Without copying any picture, transcribe exactly the lines of the data below from the one containing "Group Calendar for HCL Connections" through the one containing "GROOVY FLORAL".

[Data excerpts]

......

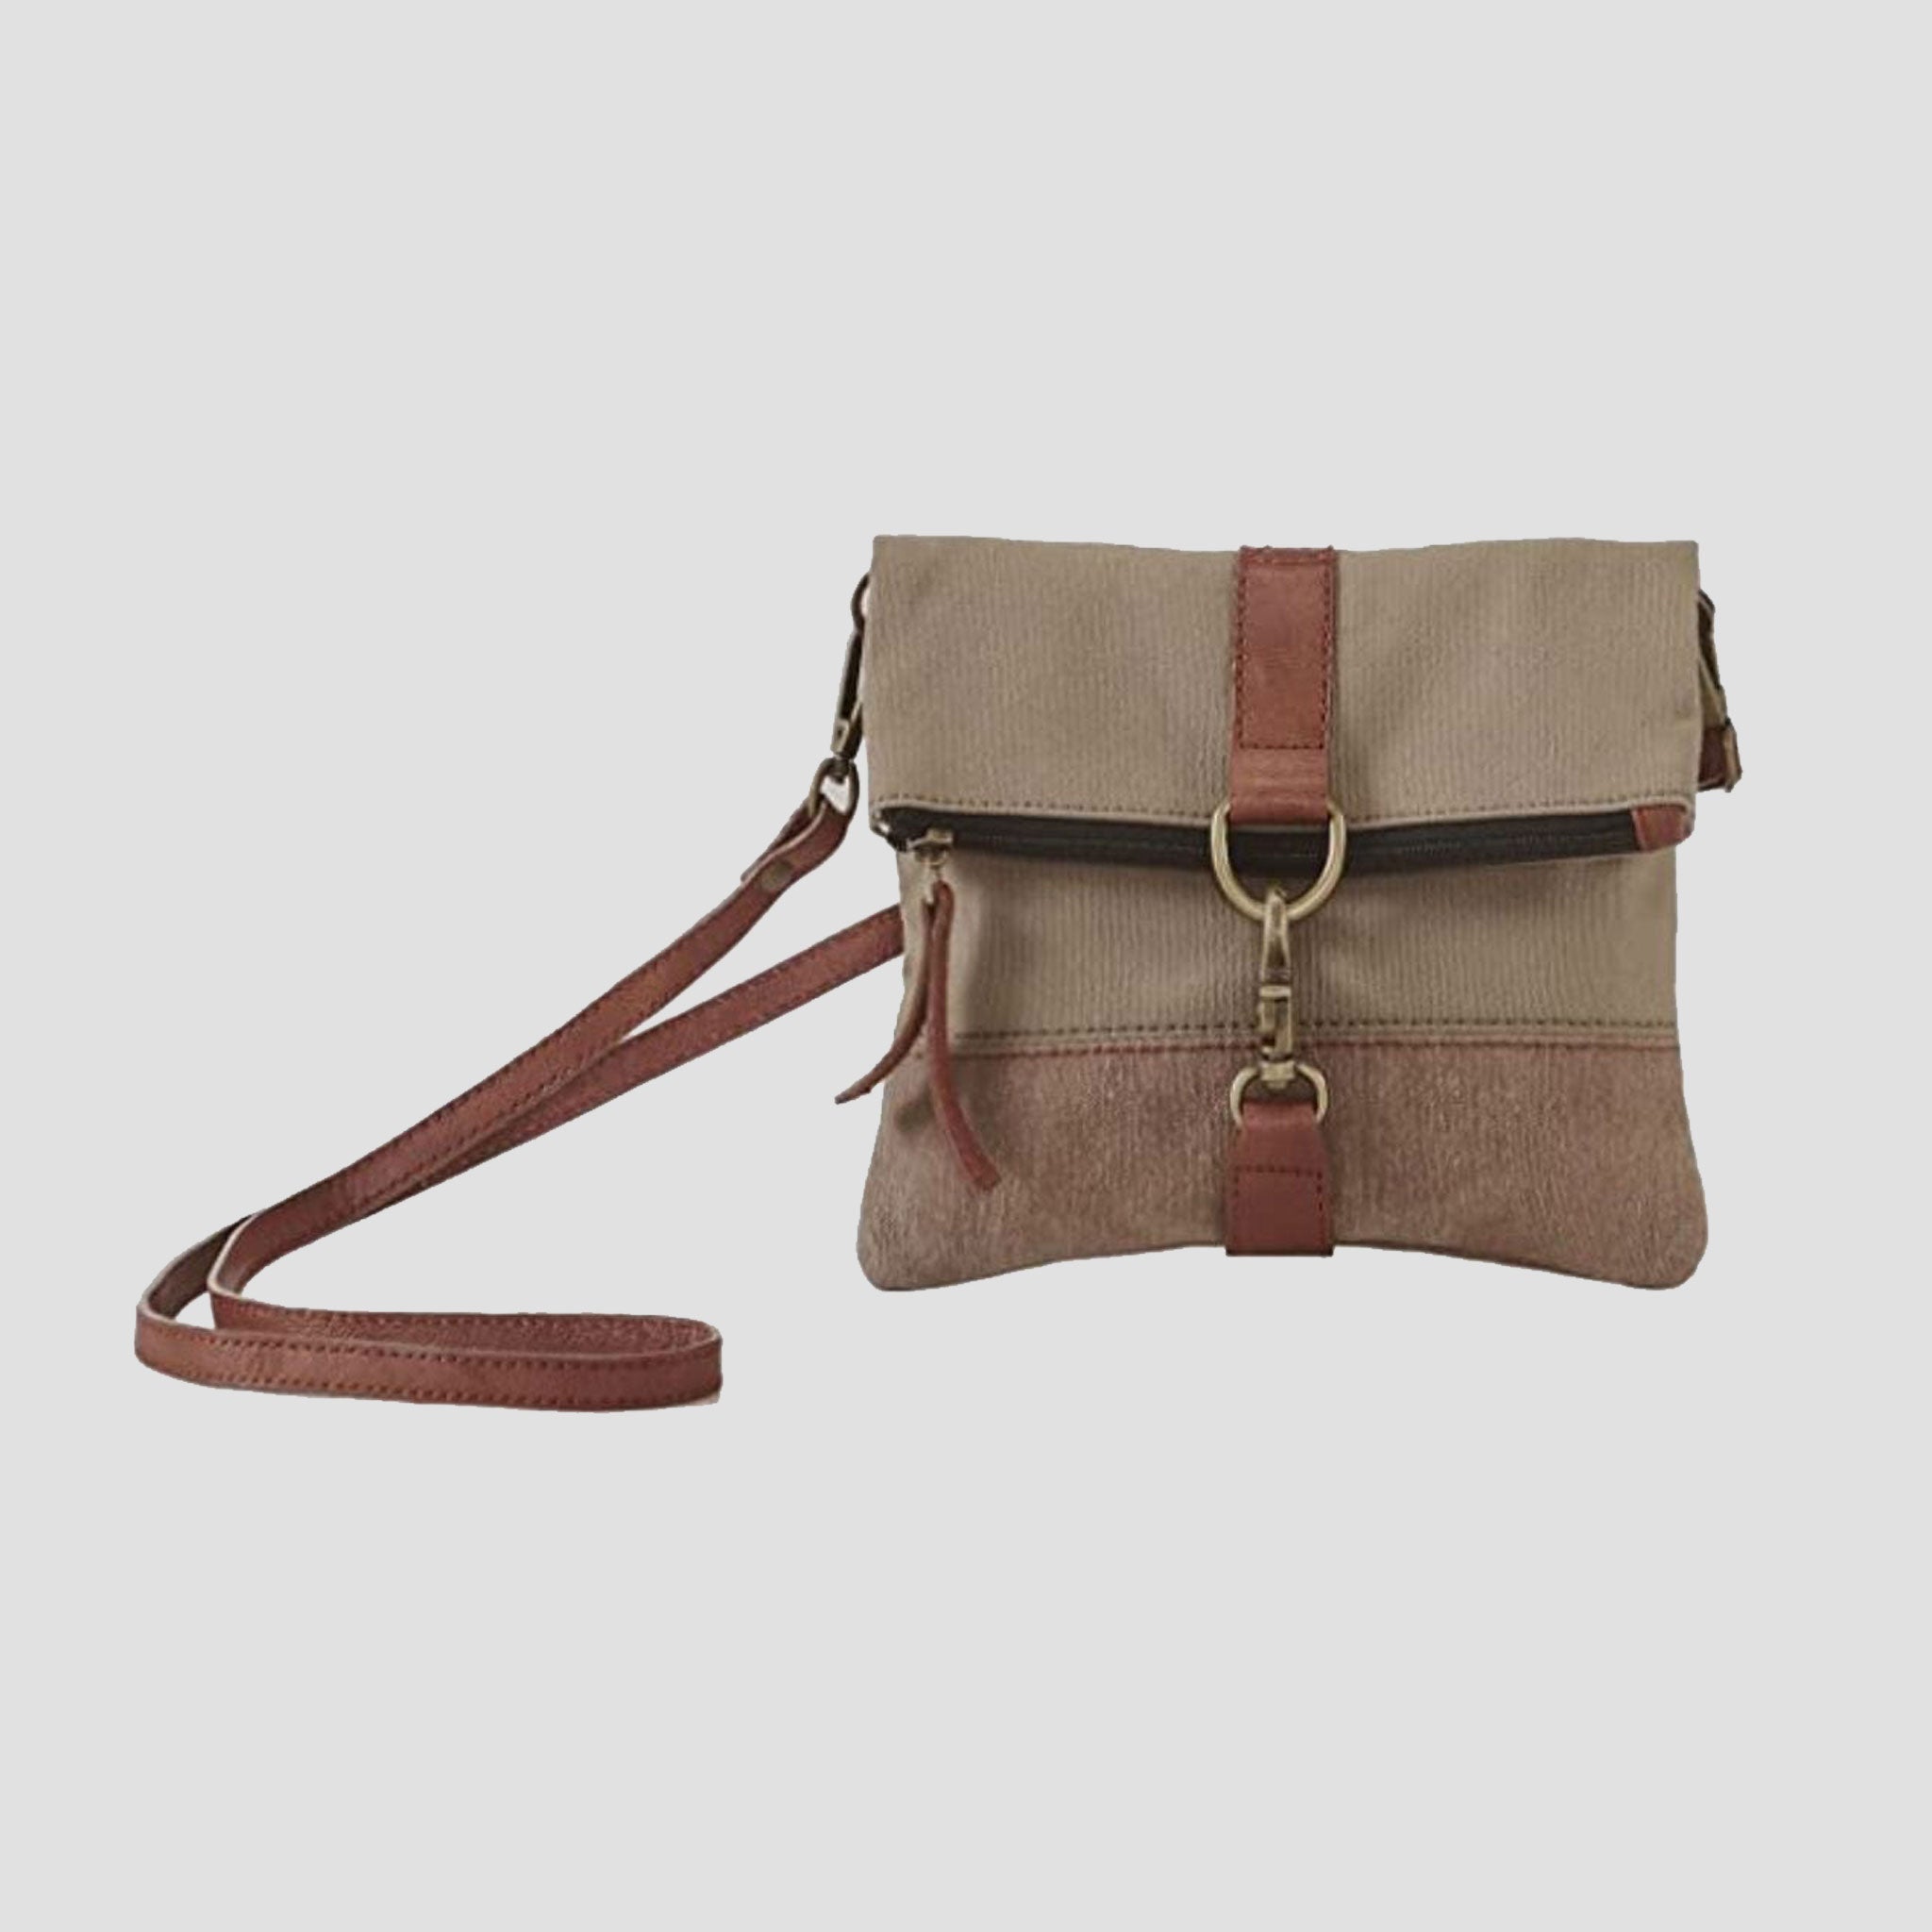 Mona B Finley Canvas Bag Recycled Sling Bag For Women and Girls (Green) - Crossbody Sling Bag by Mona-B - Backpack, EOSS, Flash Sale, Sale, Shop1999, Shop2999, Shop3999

......

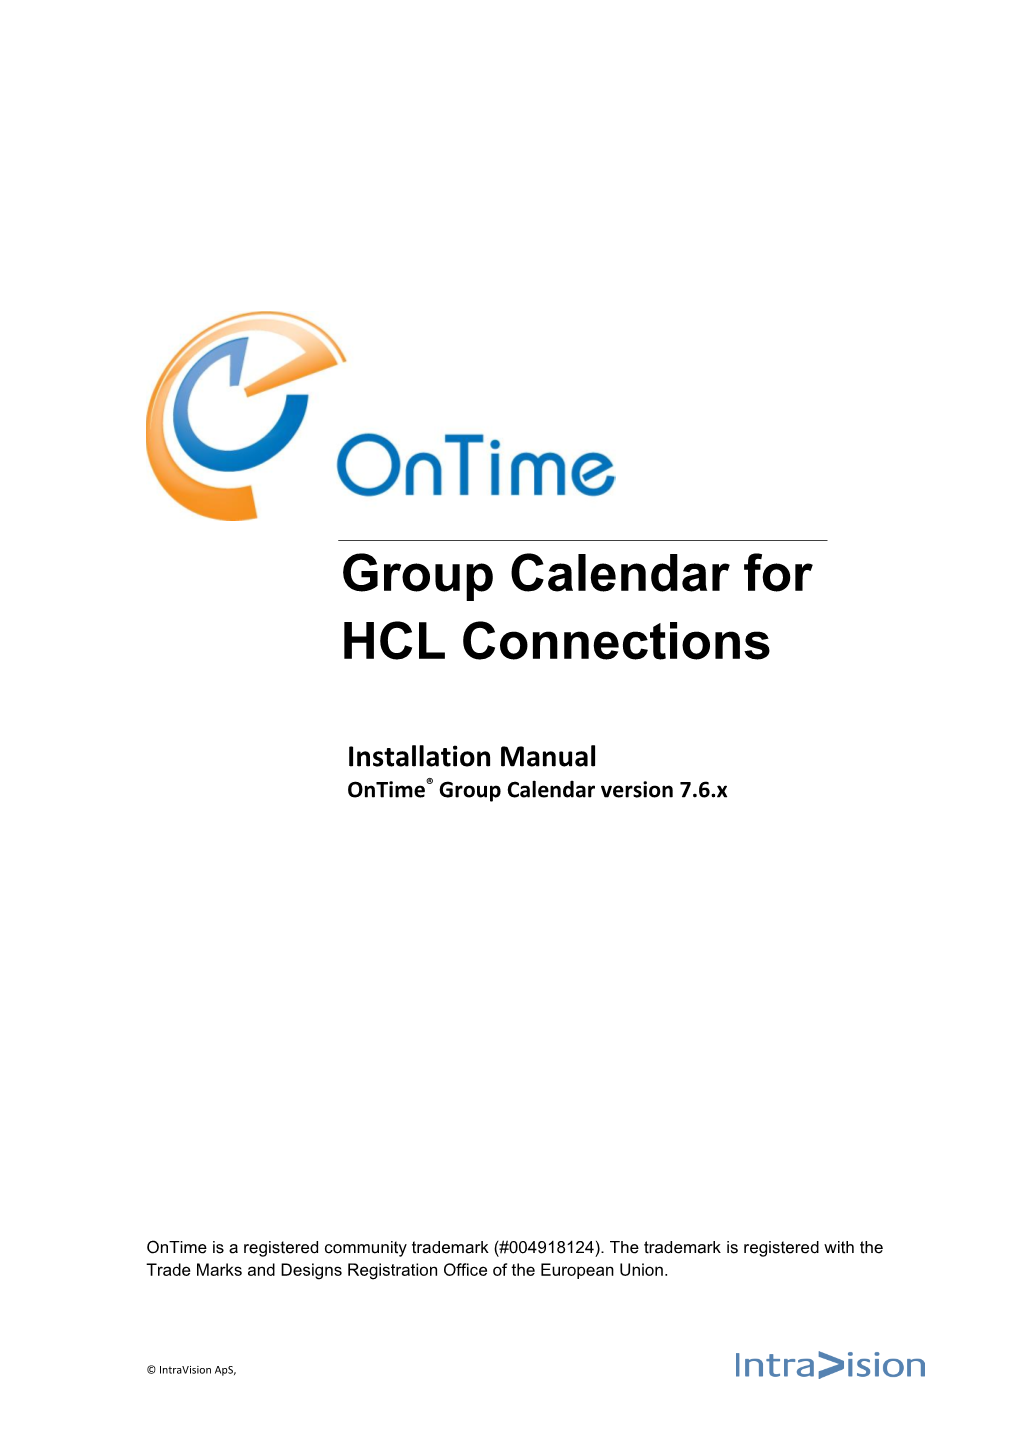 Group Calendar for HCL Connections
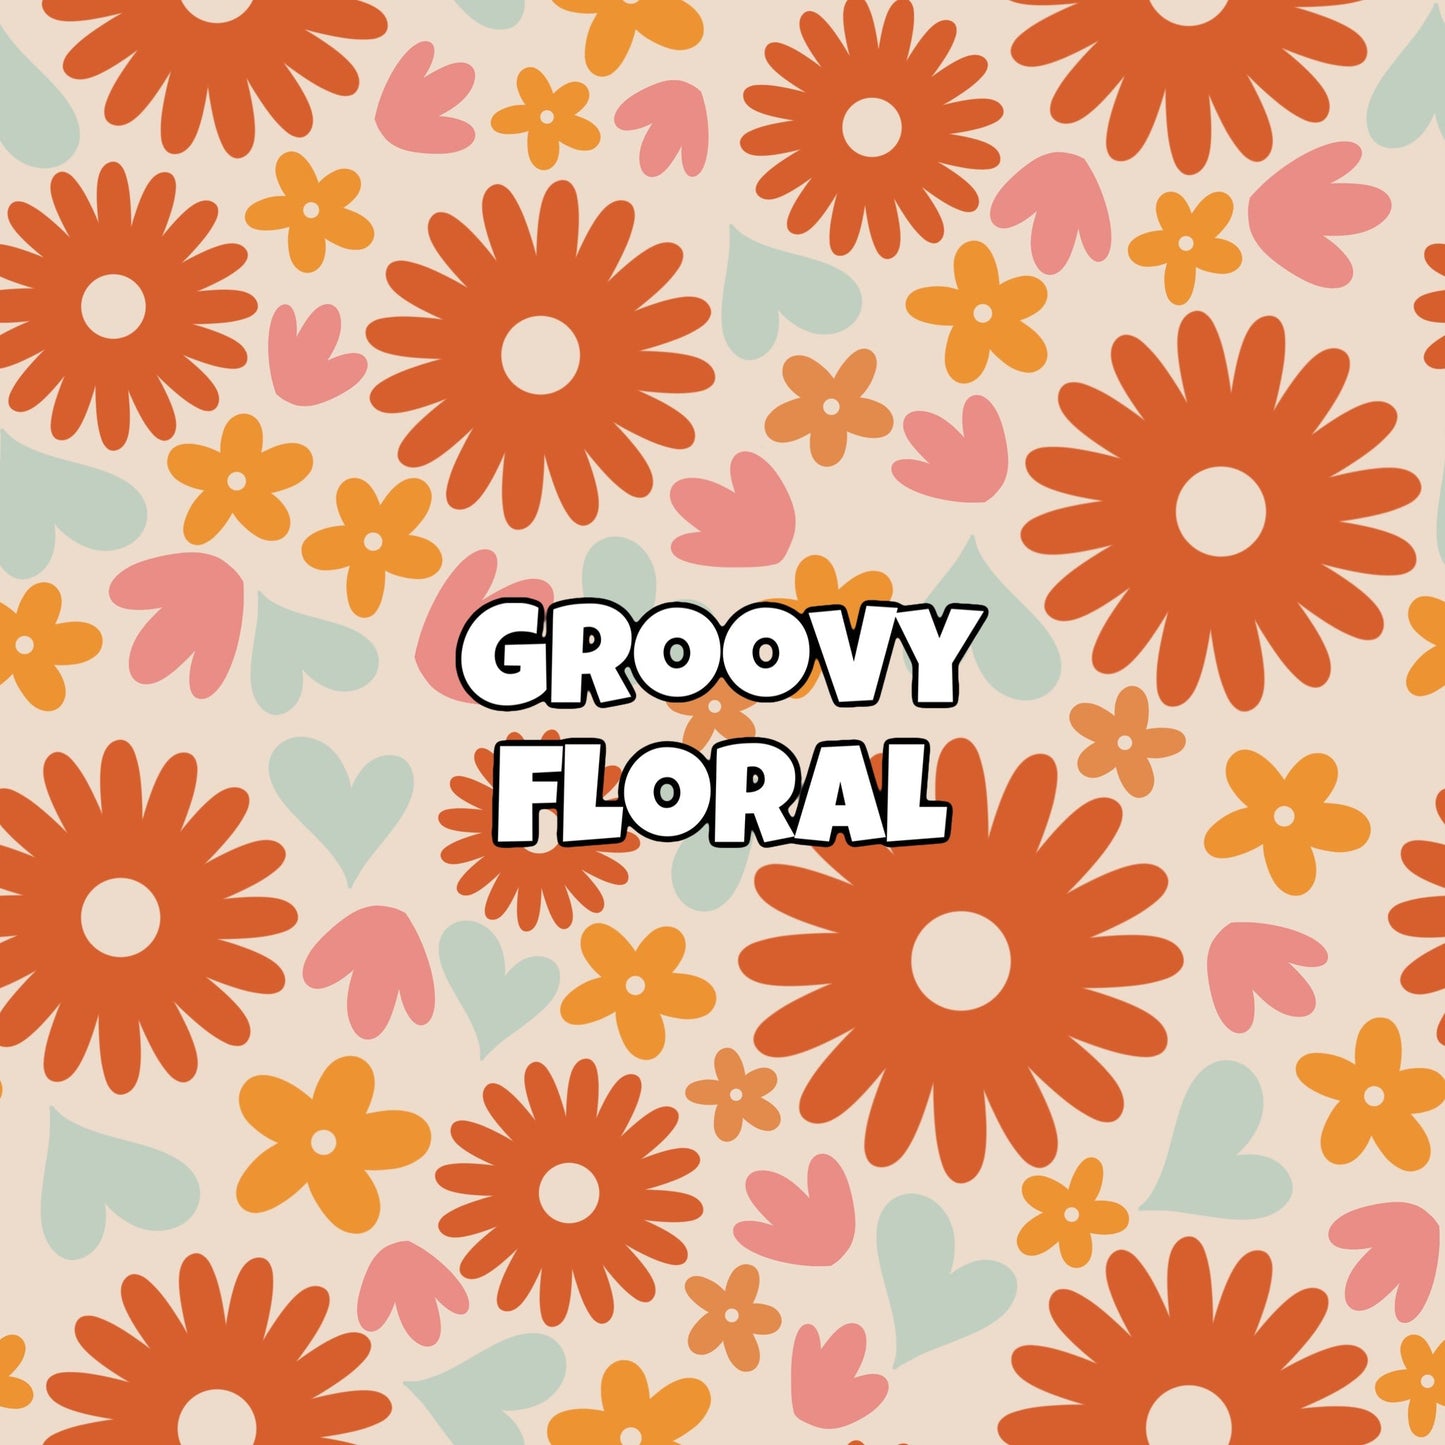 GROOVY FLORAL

......

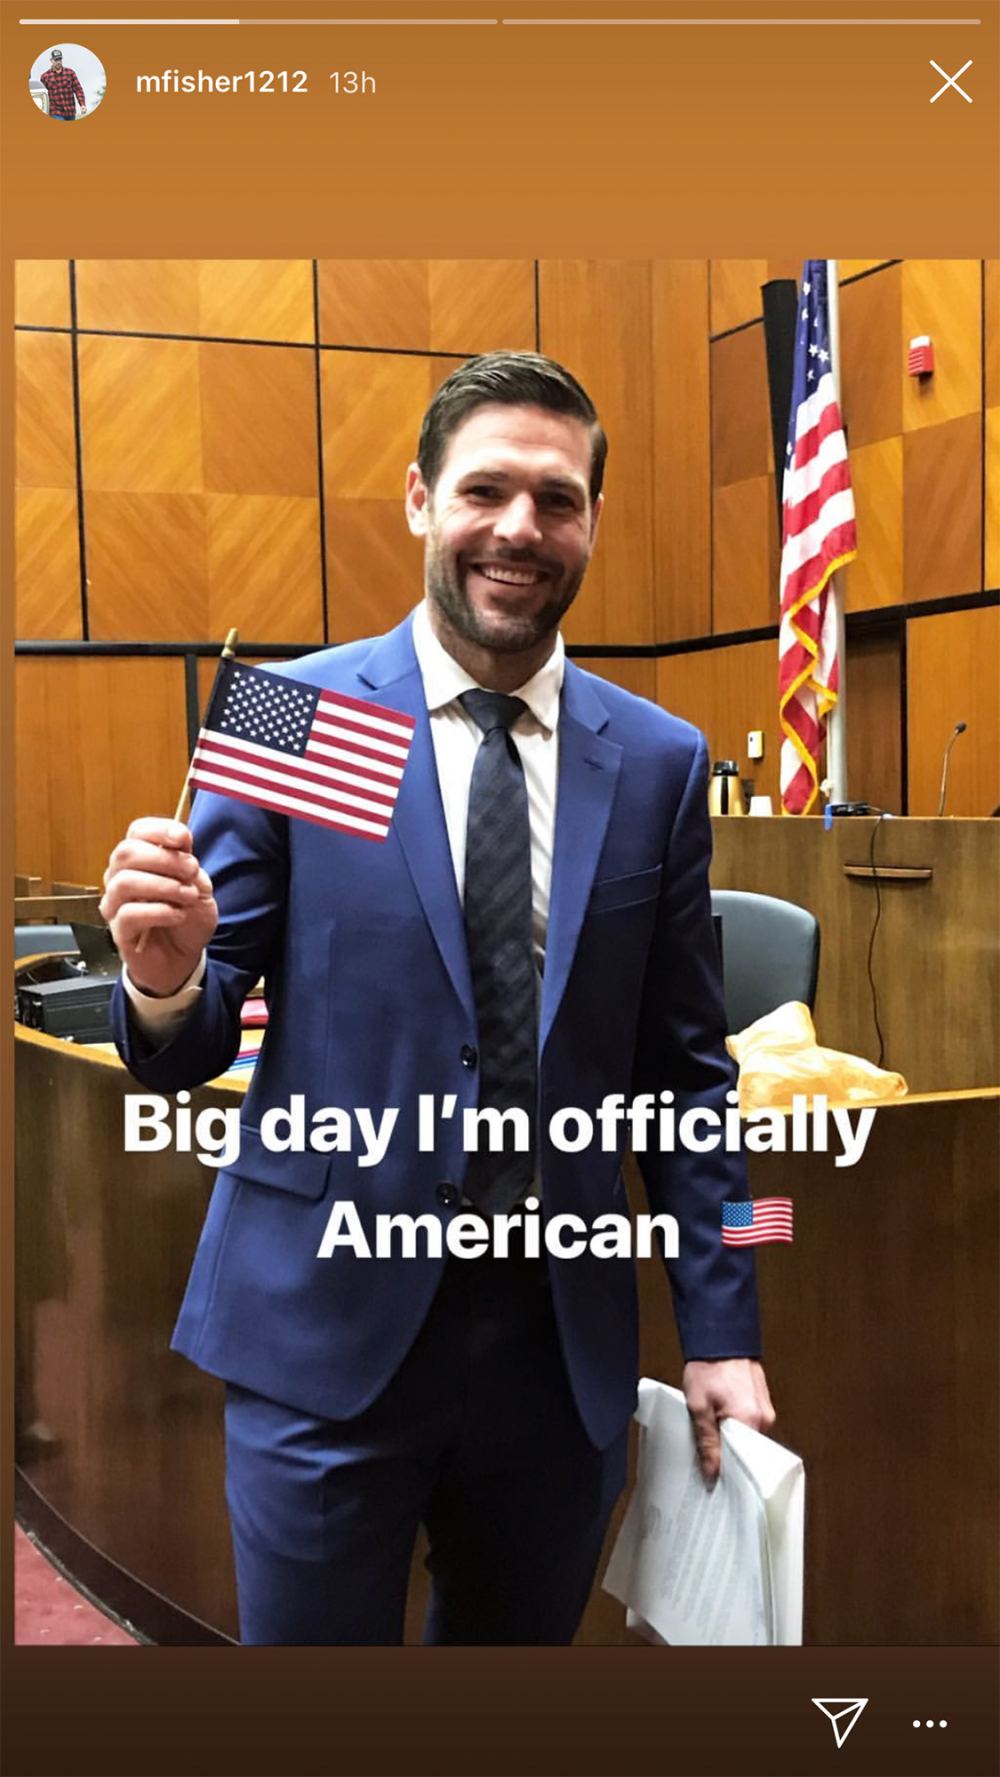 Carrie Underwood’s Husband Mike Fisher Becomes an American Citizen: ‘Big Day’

......

[Task response]
 Group Calendar for HCL Connections
 GROOVY FLORAL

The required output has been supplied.